Hi there,
Not to add to the glut of questions regarding PCoA outputs on QIIME vs R, but I couldn't find one that addresses the issue I'm having. For some background, I have multiple distance matrices that I've produced using phyloseq, rbiom, etc. based on data that I've imported into R from QIIME, and I'd like to analyze/visalize my data with PCoA. When I use the binary jaccard, the results I produce in R are identical to those produced in QIIME. So far, so good. However, when I tried running PCoA on the bray-curtis or unifrac distance matrices, my results started to differ. After some digging, I saw that there's some confusion on how exactly QIIME treats the data prior to computing a bray-curtis distance matrix, and I saw that there are some issues with phyloseq computing unifrac distance matrices. After troubleshooting, I still couldn't replicate the results from QIIME2 in R, so I decided to try importing and analyzing the distance matrices that QIIME2 produced and was (theoretically) using for PCoA. This is where things got weird for me.

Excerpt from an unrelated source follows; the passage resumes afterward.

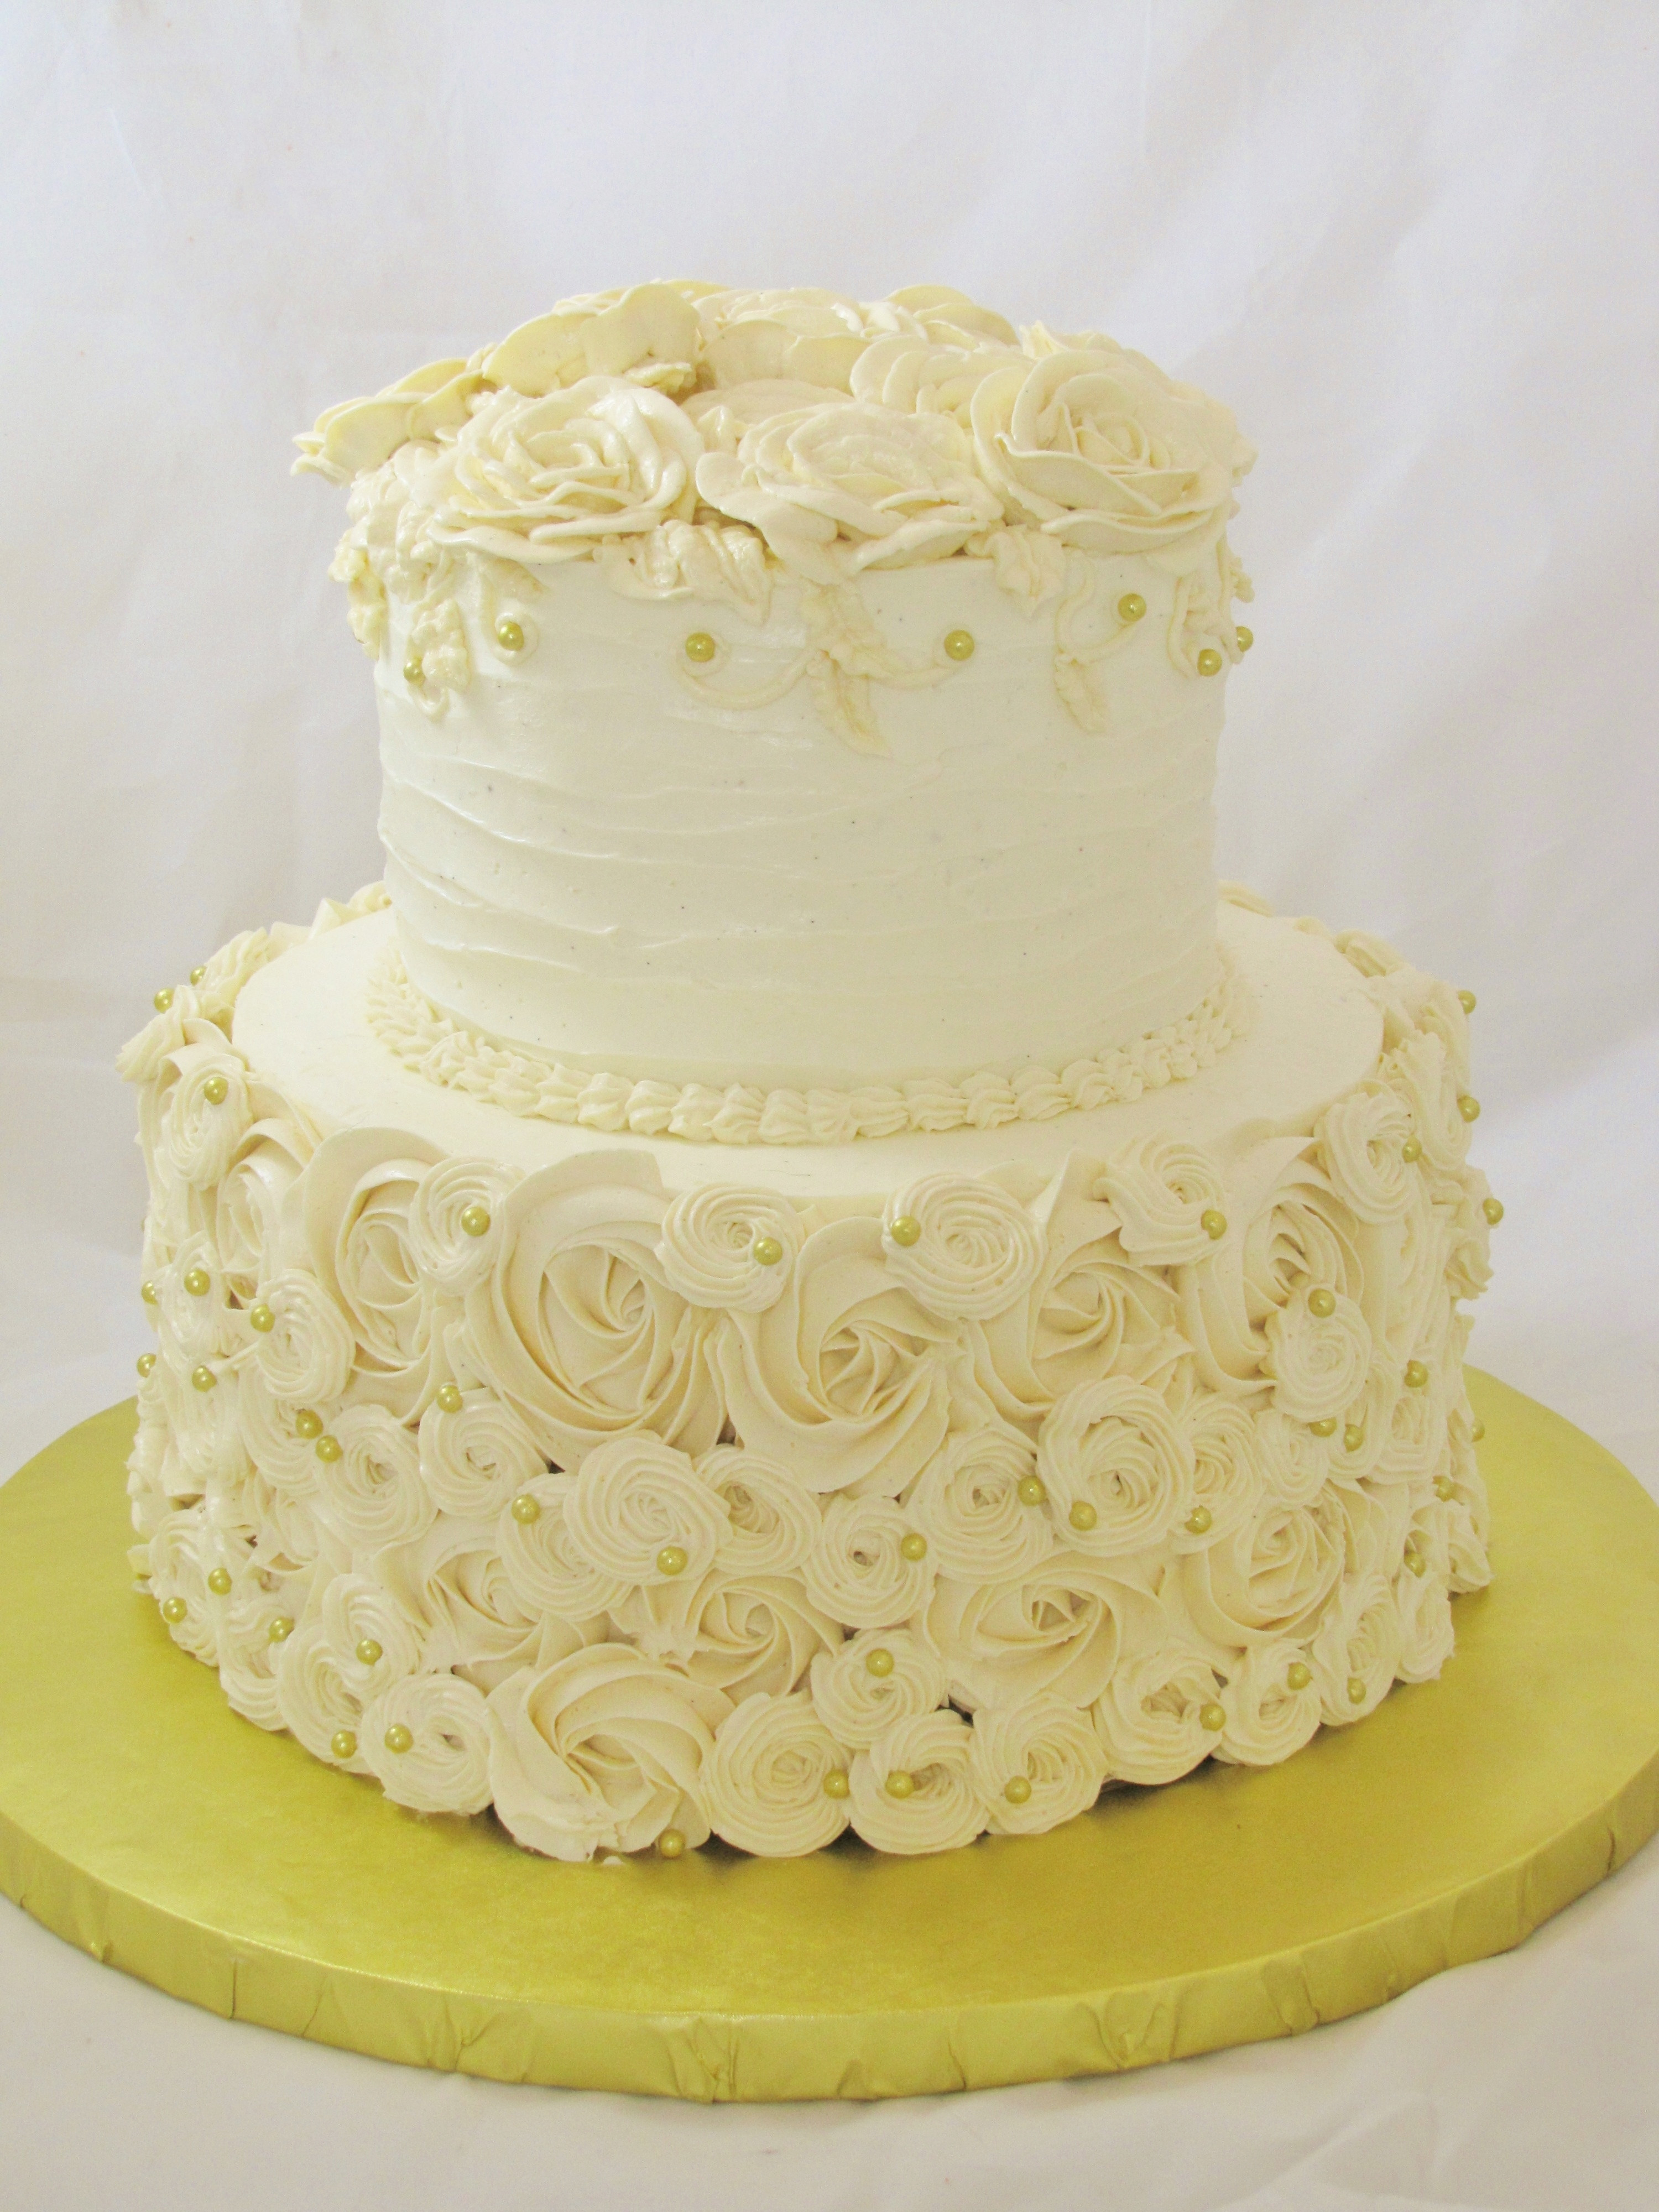 2 Tier Wedding Cakes Buttercream
 Round Piped Buttercream Wedding Cake CakeCentral

Even when I use the exact same data that QIIME2 is using (i.e. the distance matrix I imported directly from qiime2 into R), my results still differ. Below is an example showing the results from PCoA using a bray-curtis matrix:
And again showing results from weighted unifrac:
The distances are slight so in the grand scheme of things they probably don't matter, but I'm still not sure how this is possible.
Also, for what it's worth, while I couldn't recreate the bray-curtis matrix that qiime produced in R, the weighted unifrac matrix I produced with rbiom was identical to the one that I ultimately ended up from qiime2 for the comparison above.
If anyone has any thoughts or ideas on what's going on here please let me know!
Cheers,
Noam